ROC curves (A–C) and precision-recall (PR) curves (E–F) of the test families, Hoobari (Bayesian model) versus DeepHoobari (DL model) comparison. AUC corresponds to area under the curve, and AR is the AP. Paternal, maternal and Biparental correspond to the heterozygosity of the parental DNA; where either the father, mother or both parents are heterozygous. Curves shown describe the average (bold line) and range (transparent color) of the ROC curves of the four test families, for Hoobari (red) and deepHoobari (blue). The lower end of the range corresponds to families with low FF, and the higher end corresponds to the high FF families.
Figure 2D–F further illustrates these trends in performance.
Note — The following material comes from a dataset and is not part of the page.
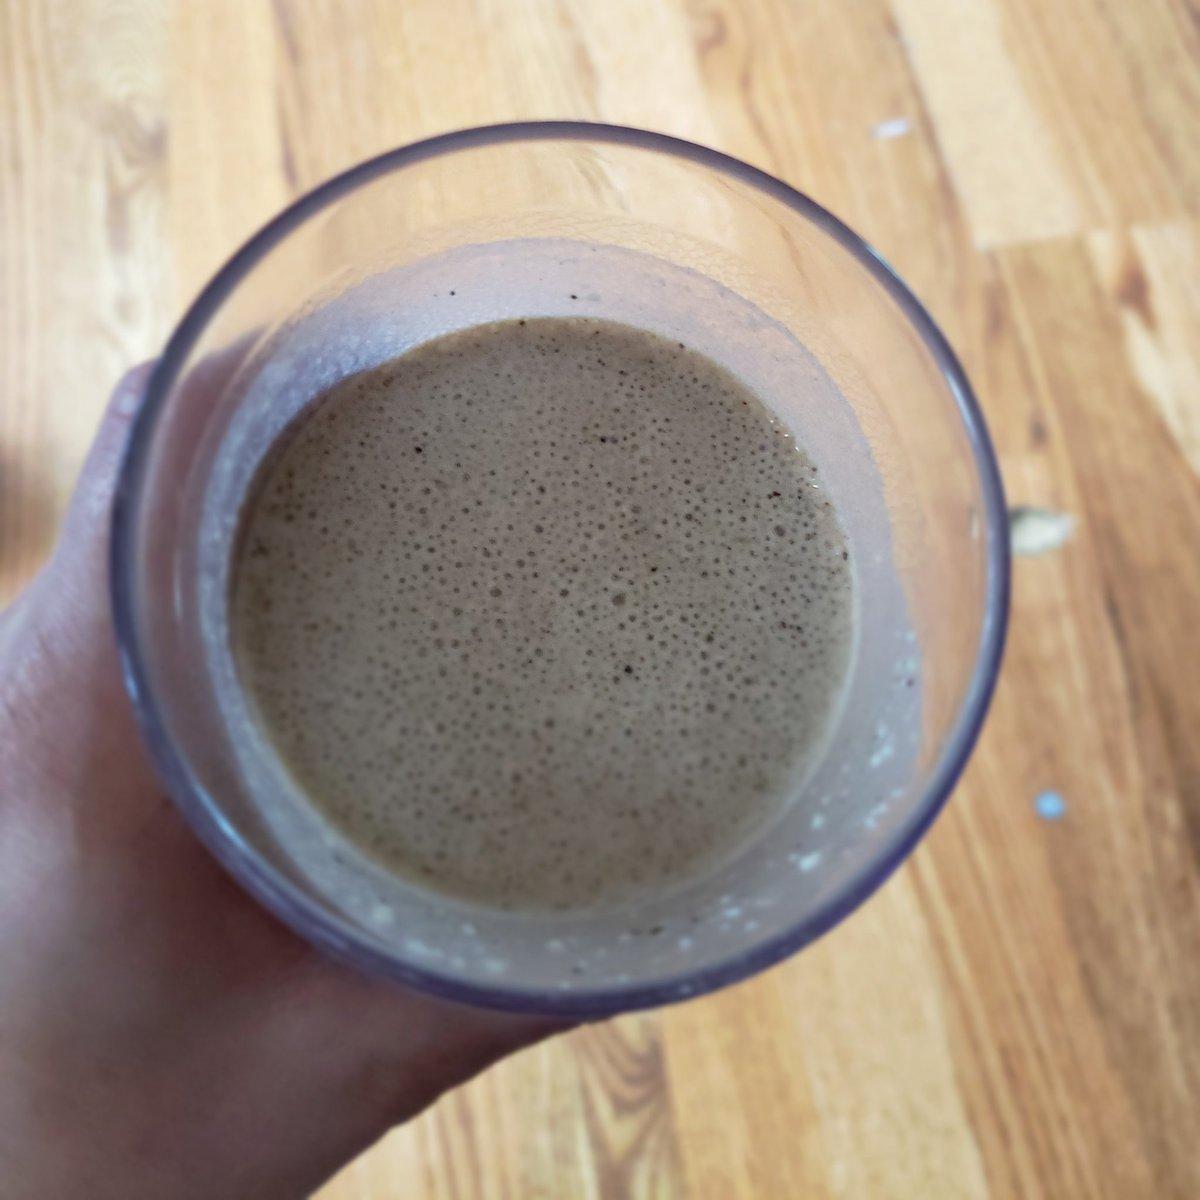 test Twitter Media - Favorite smoothie so far #vegaoneprotein  Nabisco mini oreos Natural peanut butter 2 scoops Milk Ice  #HealthyLiving #smoothie #protein #gestationaldiabetes #snack #amonthtogo https://t.co/GcsQQZdJZm

The difference in AP between panels D and E can be attributed to the model’s improved ability to distinguish fetal cfDNA from background maternal DNA in paternal-heterozygous mutations, where the fetal signal is more distinct and less confounded by maternal sequences. In contrast, biparental variants remain the most challenging due to overlapping signals from dual heterozygous mutations, which complicate precise predictions. Nevertheless, the DL model demonstrated clear advantages over the Bayesian method even in these difficult cases, underscoring its robustness across all inheritance scenarios.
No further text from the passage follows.